To my view, both teaching and coaching are valuable skills. They come with their own craft, and should be taken as seriously as writing. We should want to learn how to do them, and earn our spot. We should want to be teachers or coaches, just as a writer should want to be a writer. But often, in our game, the opportunities come as a way to pay bills. "Hey, if you're looking for some work, why don't you teach this course..." And then you think, sure, I can do that, and set about cooking up some opinions and forming your experiences into something approaching a teachable lesson. I've had those opportunities, and couldn't in good conscience take them. The best teachers I know are people who want to be teachers, and they deserve to be paid for it because they put in the work and we should be paid for work. I'm not a teacher, I'm not a coach. I'm a writer. And I'm a pretty good bike courier.
I keep talking about good and bad advice. I could put it into a different context by talking about earned and un-earned opinions. We see that everywhere. We're in the middle of a culture right now where we lost the distinction between an opinion that has been earned, and one with no weight behind it. Where someone on Facebook feels their opinion on any given issue is equal to a scientist, journalist, or expert who has studied that issue. It's everywhere. But we fix everywhere by starting here. If we begin to insist again on distinguishing between earned and un-earned opinions on writing, we can do out bit to make a larger change.

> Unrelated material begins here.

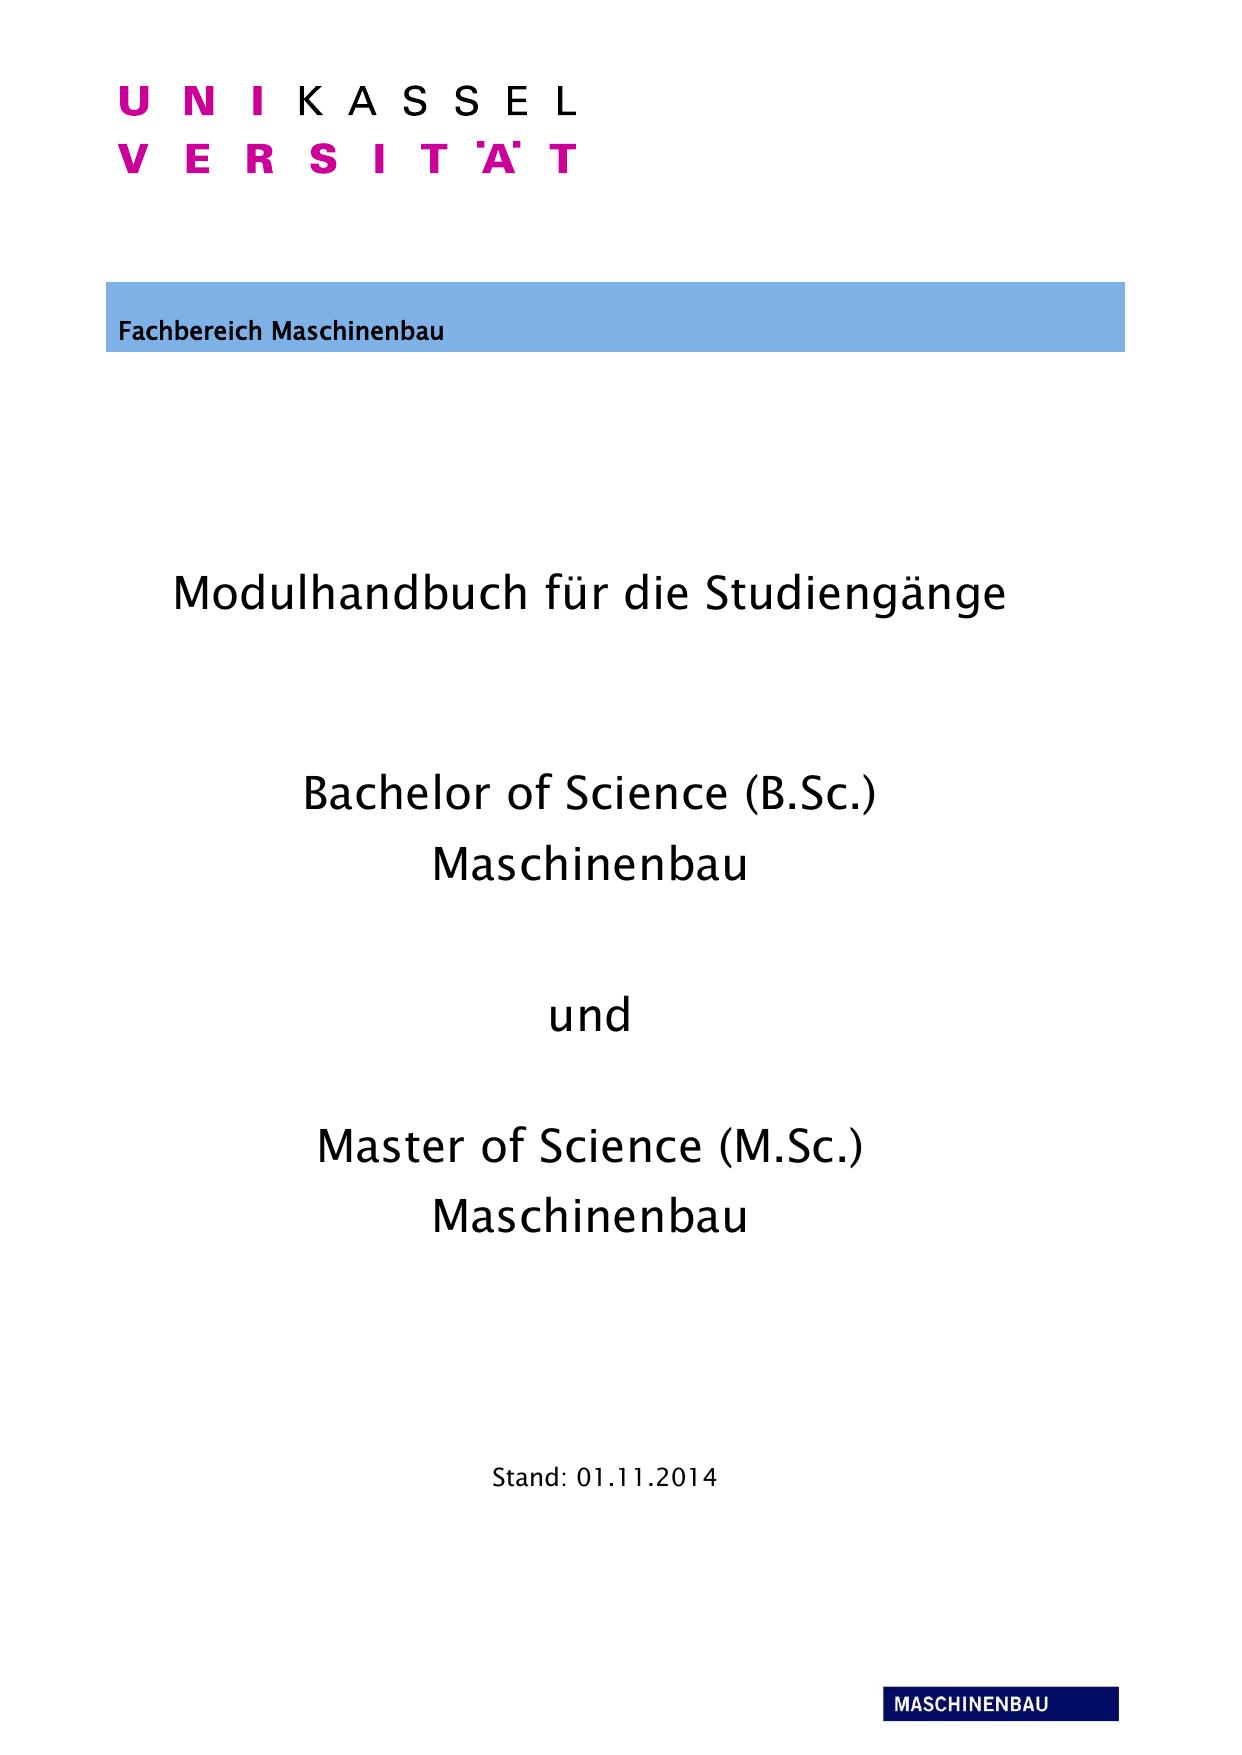 Universität Kassel, Fachbereich Maschinenbau | manualzz.com

None of this is to say there should be no advice. Like the comedians, there are people out there who will help other authors out. There are people who can set you straight. I've been given invaluable advice at key times by people like Ray Banks, Al Guthrie, Lee Goldberg, Reed Coleman, Jacque Ben-Zekry, Johnny Shaw. I have each of these people to thank, at one point or another, for helping me avoid a serious mistake. In each of these, the help came from people who have earned that opinion. And none of them ever tried to tell me how to write, they gave me guidances on choices I was making.

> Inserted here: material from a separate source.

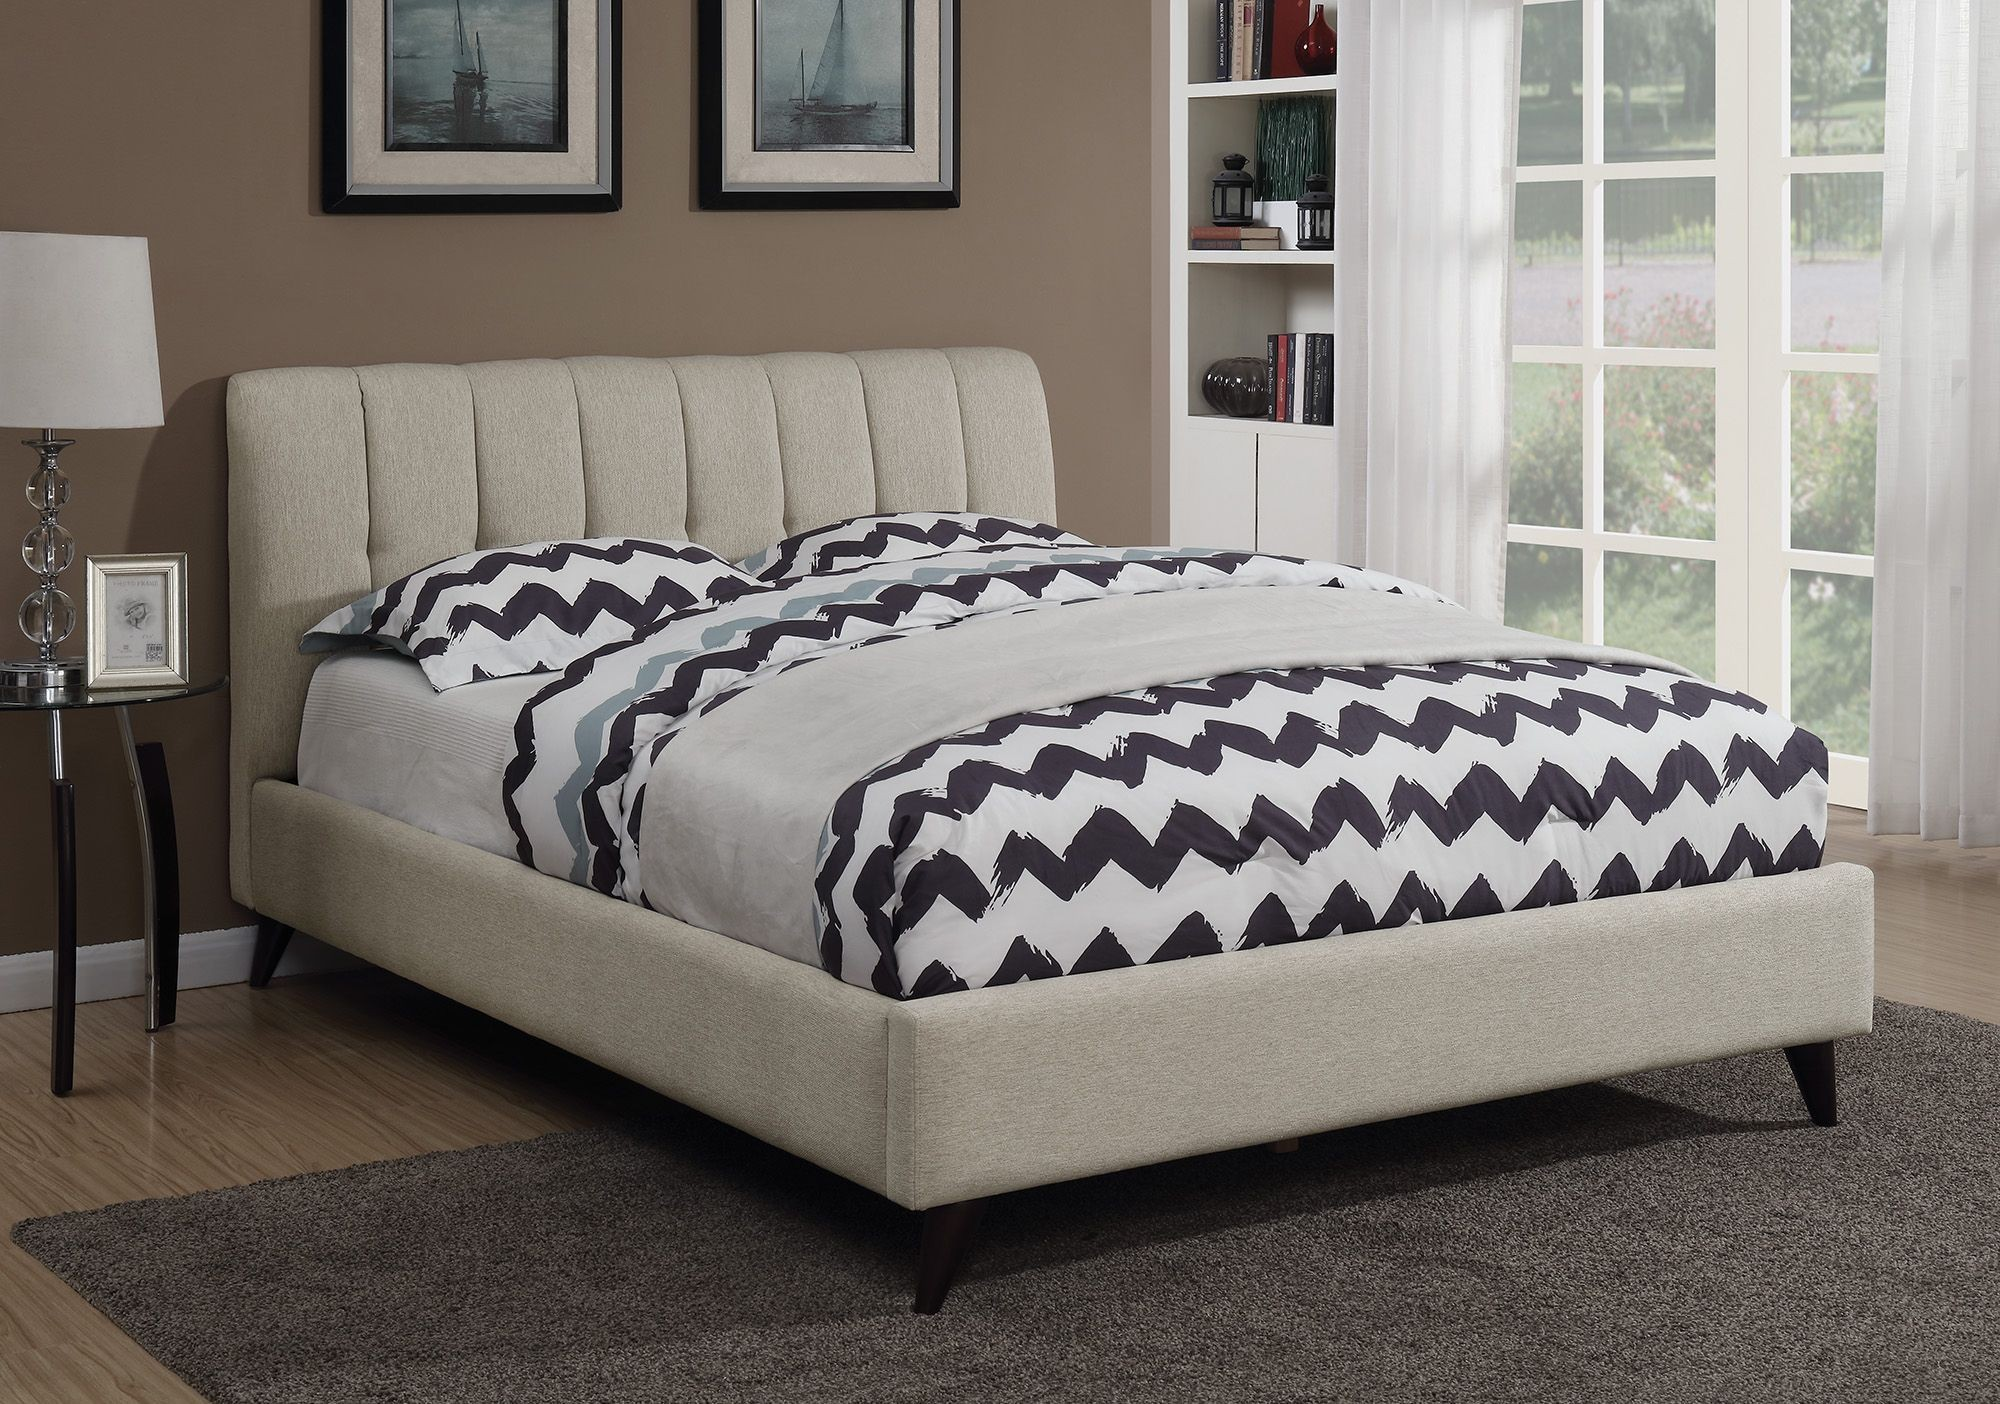 b20a5c5231c92 Portola Oatmeal King Upholstered Platform Bed from Coaster

I've spoken with a number of authors this year who've not had the benefit of that kind of guidance. For varying reasons. Some have come into the community from a background that didn't prepare them for publishing, some have come in and been given bad advice.
To an extent we all learn by making mistakes. But we need to accept that mistakes don't cost us all equally. I'm working class, from a town that doesn't produce writers. I was the only kid at my school who listed 'writer' as an ambition, and I have a learning disability that means I need to work harder just to pass for literate. Someone from a middle class background, or who comes from the 'right' town, or who grows up in closer proximity to publishing, would have more contacts and be able to make more mistakes than me. But even still, I'm a CIS, straight, white man. So by default, I'll have more chances, I'll be allowed to make more mistakes, than someone coming in from a different background. Some authors, for no fault of their own, may only be allowed to make one mistake before their career is over, whereas they might see me striding on past, burning a second or third bridge.
For these authors, for the people who might only get one swing at bat, we need to help them out by clearing away this culture of un-earned opinion, of bad advice. And sure, we can say it's on every writer to do their research when entering the community and to realise who to take advice from, and who to ignore. But we're not making it easy. How is a new person supposed to read the room?
Those lines are clear in comedy. Not so much in crime fiction. We need to change that. We need to make it much more obvious. We need to make it uncomfortable for the people giving un-earned advice, because they're hurting other people.